Will and Alejandra Fravel, a couple living in Valrico, Florida, decided to take out a HELOC on their property to handle a few home projects. They also used some of the funds to pay down $10,000 in credit card debt.
“Our credit cards had a high interest rate, around 15% to 20%,” Will said. “We took out a line of credit for $100,000 with a rate of 6%, give or take.”
A HELOC was attractive because they’ll only have to pay interest on the amount they draw. They got a good deal from their credit union, and the approval process only took a week.
Read more: Is a Home Equity Loan a Good Idea? Know the Pros and Cons
Using home equity financing for (riskier) investing
Some homeowners take a completely different approach to capitalizing on their home equity by using their funds to make informed investments.
Property flips and rehabbing a house are excellent ways to grow your wealth and net worth, according to Younathan. In some cases, he said, homeowners might earn more using this strategy compared to renting out an investment property for the long term.
However, it’s important to understand the real estate market and weigh the risks of drawing from a HELOC before getting started.
Trent Davis, a Coldwell Banker Realty broker associate with 15 years’ experience in the real estate industry, bought a home near Tampa, Florida, in 2018. With his mortgage being his only debt, he took out a HELOC on the property a few years later. He borrowed about $75,000 from the line of credit to buy an investment property and make minor repairs. Davis then sold the home for about $100,000, paid back the line of credit and pocketed the remaining $25,000 in cash.

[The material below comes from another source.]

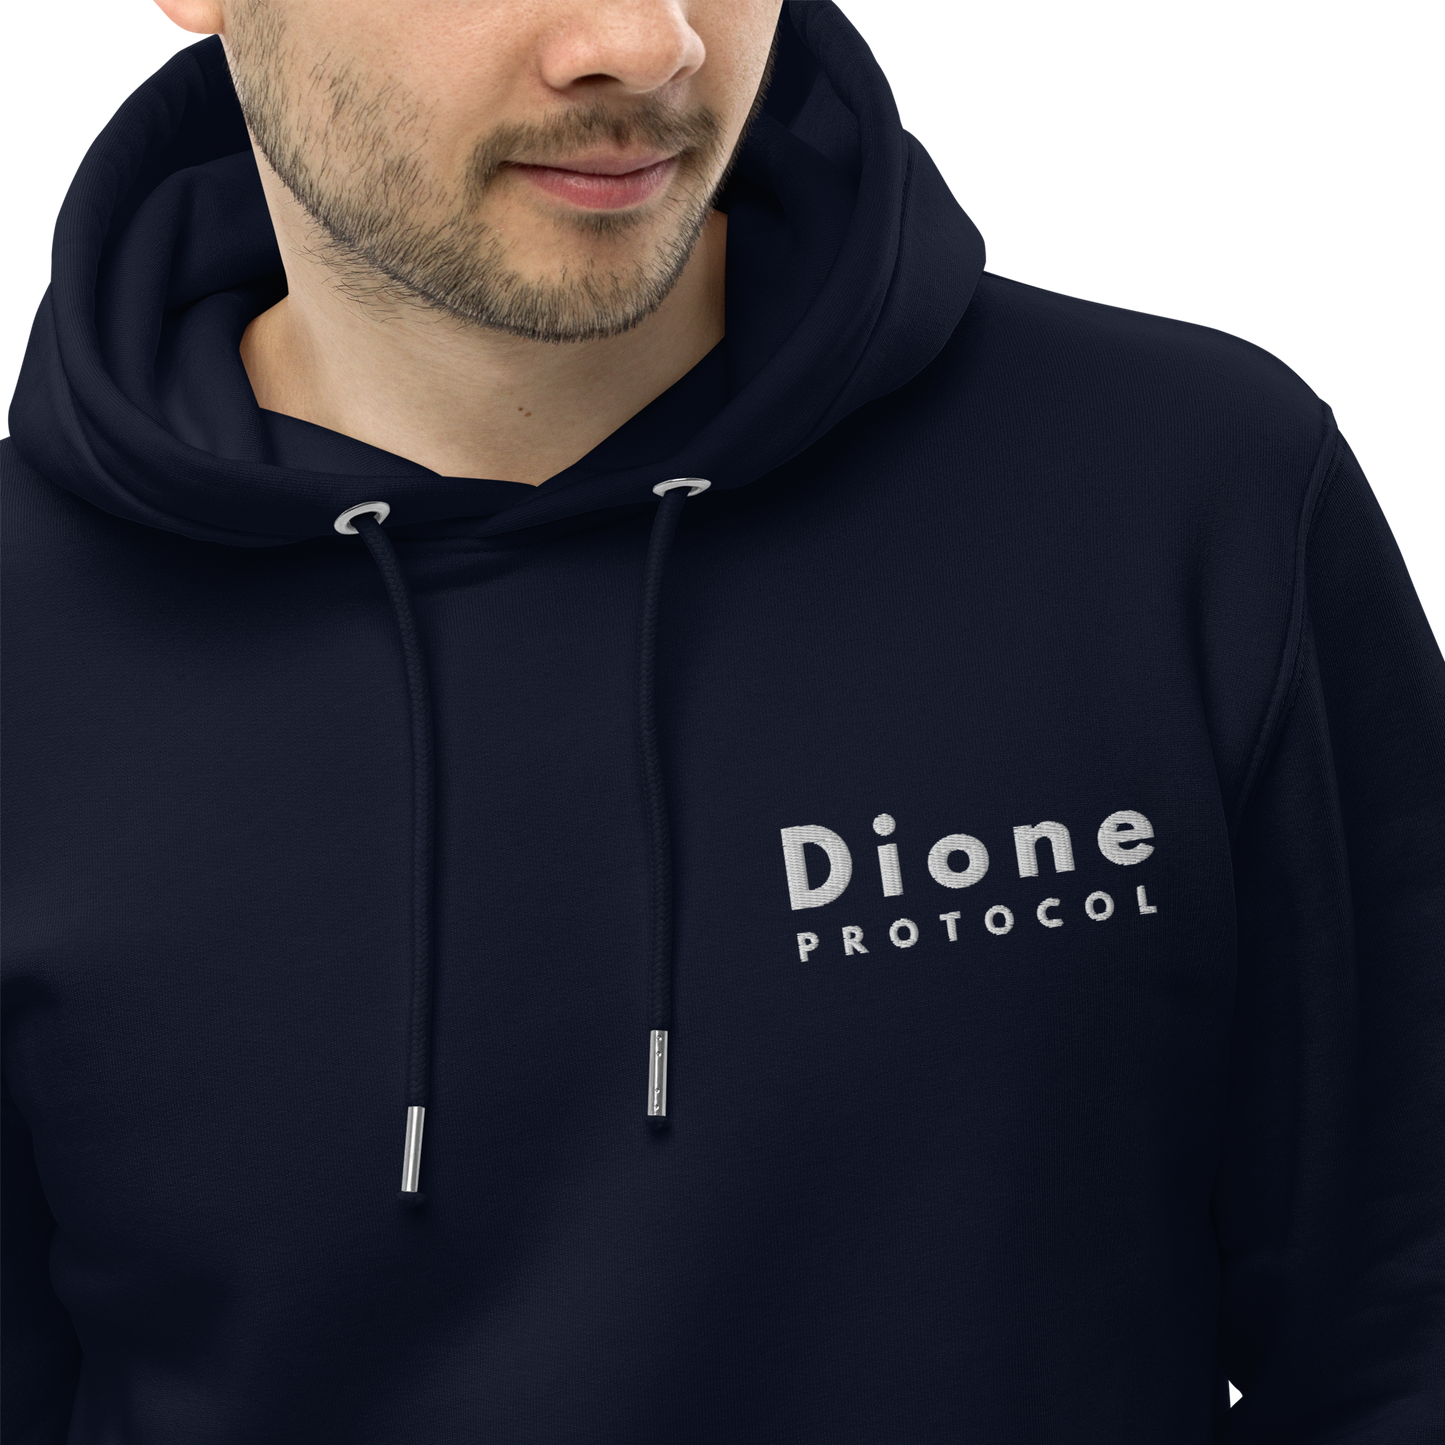 Hoodie - Dione V1.0 - Black/Navy - Premium

Since there’s a danger in using a loan to make an investment, Davis said he knew it had to be a sound plan.
Since he was paying a very low 3.5% interest rate on the HELOC, Davis then used $10,000 from the line of credit to invest in the stock market.
“It was a calculated risk,” Davis said, “but I knew I’d get a lot more out of the investment than the cost of borrowing the money.”
With his stock market earnings, he paid down the line of credit again and kept the proceeds invested. The HELOC is now paid off and available as an emergency fund if he needs it as a safety net.
Read more: What Are the Risks of HELOCs and Home Equity Loans?
How homeowners can meet their financial goals
Like these homeowners, you may be able to leverage your home equity to get financially ahead.
Home equity financing has plenty of advantages, namely lower interest rates than other types of loans. But because this type of borrowing is secured by your home, your lender has the power to repossess your property if you miss multiple payments or default on the loan.
Once you’ve researched the pros and cons of tapping equity, consider how you’ll use the money. Consolidating high-interest debt and paying for home renovations are the main ways homeowners use this type of financing. But you have plenty of good options.
The next step is figuring out how much you can borrow and researching home equity loan and HELOC lenders. From there, you can apply for the loan that fits your needs.